Do you think it would be easier or harder to determine the "positional frequency" on a corexy machine? A delta?
-
This post is deleted! -
@bot a CoreXY has a more complex model, but it seems to be enough to measure 3 points per axis instead of 2. I haven't yet started to work on a position dependence model for a delta yet – and I still need to get some time to implement and test the CoreXY one. The delta geometry is more symmetric, so it may be easier to calibrate – unless the wire bundle ends up messing up things. I did get great results in the center of bed though, and I haven't yet tested how they vary with position.
-
Another approach that should be very straightforward for calibrating the ringing dynamic would be to attach a cheap MEMS accelerometer to the print head and log samples at different locations.
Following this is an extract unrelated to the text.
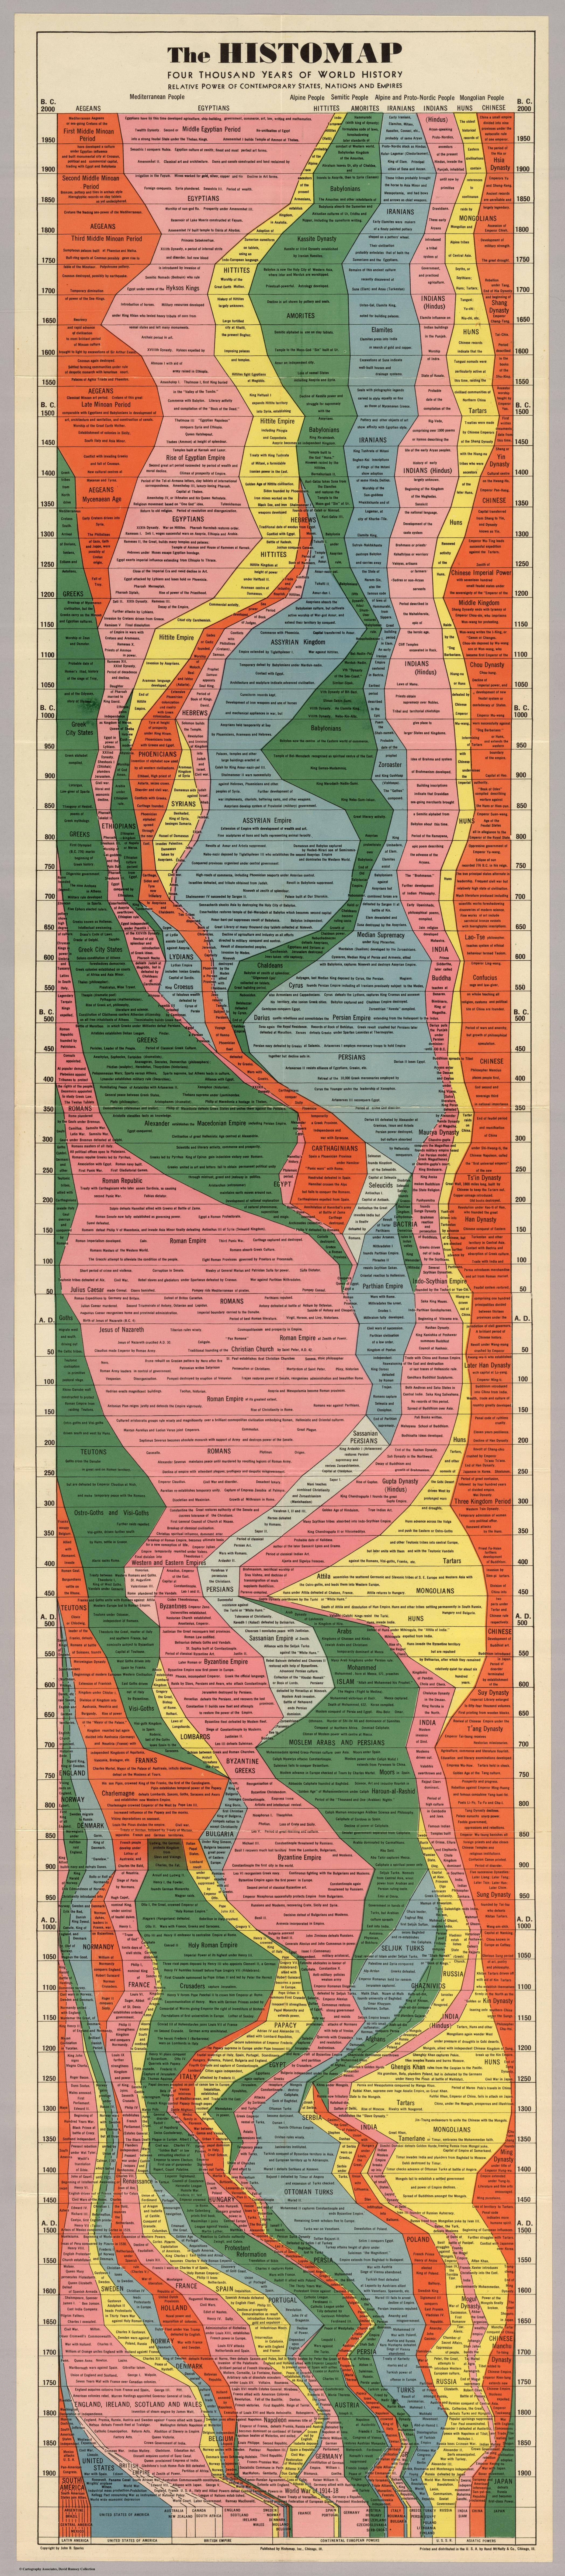 De geschiedenis kaart: vierduizend jaar aan wereldgeschiedenis

Accelerometers with up to 8kHz sampling rates are less than $1 each in volume. Determining the ringing frequency should be trivial and very accurate.
A more crazy idea: You could easily build a closed loop system with an IMU. The filter lag in an accelerometer can be as low as 1 ms, and with say 1kHz sampling we’d be well within reasonable latencies. So you could simply measure the x,y,z acceleration in real-time and compare to the desired acceleration - and apply a motion compensation signal (using the spring model) to correct for any deviation.
-
@DigitalVision klipper's input shaper implementation uses an ADXL accelerometer to measure vibrations and and configure the input shaper.
-
@bot said in A Software Solution to Eliminate Ringing?:
@dc42 In my experience, it's easy to avoid the low-frequency ringing by choosing sensible acceleration/jerk/speed settings. It's the high-frequency ringing that is nearly impossible to be rid of. No matter how low of a jerk and accel/speed value I use, there is always a tiny amount of HF ringing.
That's exactly opposite to my experience. I find low frequency ringing to be a problem at any sensible acceleration. I would need to use really low acceleration to avoid it, which would slow the prints down too much.
-
@dc42 said in A Software Solution to Eliminate Ringing?:
@bot said in A Software Solution to Eliminate Ringing?:
@dc42 In my experience, it's easy to avoid the low-frequency ringing by choosing sensible acceleration/jerk/speed settings. It's the high-frequency ringing that is nearly impossible to be rid of. No matter how low of a jerk and accel/speed value I use, there is always a tiny amount of HF ringing. That's exactly opposite to my experience. I find low frequency ringing to be a problem at any sensible acceleration. I would need to use really low acceleration to avoid it, which would slow the prints down too much.
Interesting. I have a somewhat different setup than most: there is a lot of mass to be moved by most of my axes. What printer are you thinking of when you say you experience the opposite? All printers you've used? Do they all tend to be lightweight?
It's entirely possible that the low-frequency ringing on my printer is of such low-frequency that it is hard to see it. As mass increases in a system, the resonant frequency decreases, right?
Edit: When I think about it, the low-frequency ringing I experience shows up at high print speeds, maybe regardless of how low I have the acceleration. How fast are you printing, normally, dc42? I've settled on quite low perimeter print speeds, so I don't see or notice any ringing in my prints.